What this task involves:
Show the lines of the material that contain the word "says".

☆ ☆ ☆ ☆

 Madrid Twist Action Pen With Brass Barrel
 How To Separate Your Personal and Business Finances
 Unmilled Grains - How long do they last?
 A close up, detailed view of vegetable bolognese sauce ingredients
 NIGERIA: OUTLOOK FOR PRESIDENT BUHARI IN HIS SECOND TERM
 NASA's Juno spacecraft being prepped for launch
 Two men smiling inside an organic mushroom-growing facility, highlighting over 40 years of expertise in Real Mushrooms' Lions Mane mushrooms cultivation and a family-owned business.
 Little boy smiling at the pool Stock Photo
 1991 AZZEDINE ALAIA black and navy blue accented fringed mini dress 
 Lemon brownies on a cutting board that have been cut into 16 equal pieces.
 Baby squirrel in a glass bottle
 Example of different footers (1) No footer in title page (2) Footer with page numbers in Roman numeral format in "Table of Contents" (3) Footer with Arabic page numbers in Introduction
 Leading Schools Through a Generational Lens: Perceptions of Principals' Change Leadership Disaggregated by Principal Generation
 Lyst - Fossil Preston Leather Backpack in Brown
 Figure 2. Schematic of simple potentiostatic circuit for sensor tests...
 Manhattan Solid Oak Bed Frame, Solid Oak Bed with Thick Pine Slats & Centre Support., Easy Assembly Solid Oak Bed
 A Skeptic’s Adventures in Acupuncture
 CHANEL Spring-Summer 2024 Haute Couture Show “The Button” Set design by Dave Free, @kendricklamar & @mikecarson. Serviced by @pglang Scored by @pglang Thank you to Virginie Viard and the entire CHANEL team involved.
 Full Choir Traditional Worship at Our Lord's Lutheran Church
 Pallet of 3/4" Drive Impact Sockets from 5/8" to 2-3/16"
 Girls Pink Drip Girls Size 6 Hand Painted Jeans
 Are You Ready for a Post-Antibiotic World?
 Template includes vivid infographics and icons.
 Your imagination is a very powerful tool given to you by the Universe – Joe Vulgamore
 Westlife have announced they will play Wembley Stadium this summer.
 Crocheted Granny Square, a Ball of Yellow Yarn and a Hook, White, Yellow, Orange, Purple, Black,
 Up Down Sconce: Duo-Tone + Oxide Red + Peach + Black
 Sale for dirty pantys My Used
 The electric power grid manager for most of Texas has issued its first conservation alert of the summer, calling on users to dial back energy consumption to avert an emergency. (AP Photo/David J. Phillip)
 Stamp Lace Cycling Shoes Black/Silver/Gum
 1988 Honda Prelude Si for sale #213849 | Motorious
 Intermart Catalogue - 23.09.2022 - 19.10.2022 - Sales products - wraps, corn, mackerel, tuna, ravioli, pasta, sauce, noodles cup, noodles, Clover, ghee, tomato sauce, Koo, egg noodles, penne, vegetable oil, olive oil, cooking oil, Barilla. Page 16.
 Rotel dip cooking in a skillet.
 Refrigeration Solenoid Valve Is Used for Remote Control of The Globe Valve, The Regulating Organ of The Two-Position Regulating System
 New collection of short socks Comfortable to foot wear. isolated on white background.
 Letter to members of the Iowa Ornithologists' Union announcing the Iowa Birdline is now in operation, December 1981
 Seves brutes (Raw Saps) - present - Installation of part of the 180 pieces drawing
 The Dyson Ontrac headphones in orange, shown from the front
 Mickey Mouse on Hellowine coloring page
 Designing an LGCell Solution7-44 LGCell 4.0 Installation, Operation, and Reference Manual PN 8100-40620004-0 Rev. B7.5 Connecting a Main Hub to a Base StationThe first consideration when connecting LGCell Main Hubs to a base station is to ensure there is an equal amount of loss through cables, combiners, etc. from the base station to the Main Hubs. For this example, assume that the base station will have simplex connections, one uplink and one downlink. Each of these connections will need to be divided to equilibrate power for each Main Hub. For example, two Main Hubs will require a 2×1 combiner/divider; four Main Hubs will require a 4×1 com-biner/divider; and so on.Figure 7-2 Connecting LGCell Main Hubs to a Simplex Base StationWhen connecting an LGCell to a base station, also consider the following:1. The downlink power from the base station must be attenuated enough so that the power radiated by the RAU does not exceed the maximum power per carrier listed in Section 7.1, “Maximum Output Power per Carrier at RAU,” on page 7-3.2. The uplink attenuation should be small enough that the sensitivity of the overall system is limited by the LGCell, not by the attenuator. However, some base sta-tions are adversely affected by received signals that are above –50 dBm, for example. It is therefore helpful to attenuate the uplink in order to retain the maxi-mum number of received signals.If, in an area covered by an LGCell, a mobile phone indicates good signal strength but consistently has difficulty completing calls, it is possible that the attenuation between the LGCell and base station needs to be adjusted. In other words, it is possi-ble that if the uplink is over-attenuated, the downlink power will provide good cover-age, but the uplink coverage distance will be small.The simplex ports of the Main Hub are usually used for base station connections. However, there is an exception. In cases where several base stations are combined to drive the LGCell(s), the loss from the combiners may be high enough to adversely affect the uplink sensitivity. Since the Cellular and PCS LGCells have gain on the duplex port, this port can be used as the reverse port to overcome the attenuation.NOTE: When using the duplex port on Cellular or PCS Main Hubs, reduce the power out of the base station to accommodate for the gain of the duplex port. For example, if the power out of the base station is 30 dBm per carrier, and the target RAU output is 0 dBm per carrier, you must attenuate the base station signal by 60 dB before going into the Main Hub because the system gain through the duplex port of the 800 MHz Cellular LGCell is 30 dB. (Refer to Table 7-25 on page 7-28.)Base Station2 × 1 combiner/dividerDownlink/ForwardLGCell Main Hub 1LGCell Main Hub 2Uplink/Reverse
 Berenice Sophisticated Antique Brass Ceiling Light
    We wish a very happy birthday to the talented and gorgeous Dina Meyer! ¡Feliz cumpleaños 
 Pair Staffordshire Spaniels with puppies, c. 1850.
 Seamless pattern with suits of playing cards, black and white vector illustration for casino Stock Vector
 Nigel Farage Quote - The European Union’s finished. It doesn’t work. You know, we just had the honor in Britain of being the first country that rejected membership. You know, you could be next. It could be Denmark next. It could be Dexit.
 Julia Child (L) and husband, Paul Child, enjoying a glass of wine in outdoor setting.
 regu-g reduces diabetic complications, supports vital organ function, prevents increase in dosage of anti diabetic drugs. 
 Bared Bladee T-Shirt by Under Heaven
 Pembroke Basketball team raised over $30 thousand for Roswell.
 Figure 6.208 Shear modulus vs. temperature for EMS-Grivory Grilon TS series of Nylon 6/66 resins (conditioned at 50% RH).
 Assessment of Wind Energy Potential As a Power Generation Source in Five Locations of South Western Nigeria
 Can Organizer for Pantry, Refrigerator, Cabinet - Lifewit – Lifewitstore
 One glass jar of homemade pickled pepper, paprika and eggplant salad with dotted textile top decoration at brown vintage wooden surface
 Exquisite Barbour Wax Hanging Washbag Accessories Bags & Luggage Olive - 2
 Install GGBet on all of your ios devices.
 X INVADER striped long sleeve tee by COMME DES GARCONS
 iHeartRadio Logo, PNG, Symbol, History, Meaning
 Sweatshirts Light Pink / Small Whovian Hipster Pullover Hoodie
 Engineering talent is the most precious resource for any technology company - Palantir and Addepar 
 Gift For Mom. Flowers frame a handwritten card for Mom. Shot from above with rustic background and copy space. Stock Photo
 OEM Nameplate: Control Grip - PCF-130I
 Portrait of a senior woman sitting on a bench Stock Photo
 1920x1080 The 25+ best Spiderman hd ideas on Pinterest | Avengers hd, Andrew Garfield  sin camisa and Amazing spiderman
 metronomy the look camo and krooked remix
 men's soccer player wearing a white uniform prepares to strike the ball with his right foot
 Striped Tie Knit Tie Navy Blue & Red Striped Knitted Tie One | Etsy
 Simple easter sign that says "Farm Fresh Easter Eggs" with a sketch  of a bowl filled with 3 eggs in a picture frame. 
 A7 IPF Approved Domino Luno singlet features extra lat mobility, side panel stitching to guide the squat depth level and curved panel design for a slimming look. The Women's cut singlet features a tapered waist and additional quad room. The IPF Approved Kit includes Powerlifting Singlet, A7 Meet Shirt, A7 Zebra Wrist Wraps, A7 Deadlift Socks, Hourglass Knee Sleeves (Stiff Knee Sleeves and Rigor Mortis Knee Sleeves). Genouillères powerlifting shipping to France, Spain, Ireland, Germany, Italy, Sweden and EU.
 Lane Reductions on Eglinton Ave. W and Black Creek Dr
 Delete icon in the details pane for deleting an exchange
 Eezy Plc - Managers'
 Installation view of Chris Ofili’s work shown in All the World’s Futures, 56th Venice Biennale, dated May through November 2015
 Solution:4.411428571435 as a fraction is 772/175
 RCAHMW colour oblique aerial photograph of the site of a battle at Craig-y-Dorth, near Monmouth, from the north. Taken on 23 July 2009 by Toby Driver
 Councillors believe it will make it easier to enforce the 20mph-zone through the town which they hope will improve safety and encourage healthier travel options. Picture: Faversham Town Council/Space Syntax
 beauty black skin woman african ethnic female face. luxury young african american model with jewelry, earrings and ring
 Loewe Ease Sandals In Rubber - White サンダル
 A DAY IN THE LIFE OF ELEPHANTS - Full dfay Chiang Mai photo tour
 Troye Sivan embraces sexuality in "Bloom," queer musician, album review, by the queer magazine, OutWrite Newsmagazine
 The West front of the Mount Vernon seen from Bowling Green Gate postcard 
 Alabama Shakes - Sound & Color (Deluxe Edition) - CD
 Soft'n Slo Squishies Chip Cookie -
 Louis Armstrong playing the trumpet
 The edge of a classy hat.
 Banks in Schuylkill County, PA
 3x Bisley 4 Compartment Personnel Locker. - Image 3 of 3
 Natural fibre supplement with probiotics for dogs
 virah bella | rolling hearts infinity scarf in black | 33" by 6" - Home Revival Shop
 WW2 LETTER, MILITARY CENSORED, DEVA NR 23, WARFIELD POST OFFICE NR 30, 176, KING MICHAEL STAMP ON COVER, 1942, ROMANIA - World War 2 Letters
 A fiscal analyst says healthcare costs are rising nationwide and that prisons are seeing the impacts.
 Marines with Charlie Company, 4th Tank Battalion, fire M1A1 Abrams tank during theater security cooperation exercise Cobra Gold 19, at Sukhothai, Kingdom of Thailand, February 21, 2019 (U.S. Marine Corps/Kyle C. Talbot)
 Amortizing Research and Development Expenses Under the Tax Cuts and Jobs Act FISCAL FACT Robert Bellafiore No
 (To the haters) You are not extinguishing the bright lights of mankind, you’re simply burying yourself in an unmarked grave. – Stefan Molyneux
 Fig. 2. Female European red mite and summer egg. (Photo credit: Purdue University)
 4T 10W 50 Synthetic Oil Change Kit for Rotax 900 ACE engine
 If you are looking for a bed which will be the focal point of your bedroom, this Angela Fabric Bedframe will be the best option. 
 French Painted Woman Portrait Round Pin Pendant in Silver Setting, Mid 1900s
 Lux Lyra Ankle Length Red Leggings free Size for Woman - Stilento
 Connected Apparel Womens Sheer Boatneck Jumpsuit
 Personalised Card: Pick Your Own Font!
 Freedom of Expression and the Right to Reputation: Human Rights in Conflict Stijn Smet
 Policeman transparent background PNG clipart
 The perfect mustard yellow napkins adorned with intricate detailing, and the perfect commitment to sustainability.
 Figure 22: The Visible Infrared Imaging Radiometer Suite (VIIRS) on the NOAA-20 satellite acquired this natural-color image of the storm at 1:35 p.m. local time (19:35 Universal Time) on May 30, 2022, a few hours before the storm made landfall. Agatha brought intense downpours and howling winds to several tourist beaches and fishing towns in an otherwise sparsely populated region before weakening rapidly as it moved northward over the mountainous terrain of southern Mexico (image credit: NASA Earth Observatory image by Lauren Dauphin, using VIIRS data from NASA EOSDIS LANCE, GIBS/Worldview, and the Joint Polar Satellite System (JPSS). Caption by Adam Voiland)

☆ ☆ ☆ ☆

Answer:
 Simple easter sign that says "Farm Fresh Easter Eggs" with a sketch  of a bowl filled with 3 eggs in a picture frame. 
 A fiscal analyst says healthcare costs are rising nationwide and that prisons are seeing the impacts.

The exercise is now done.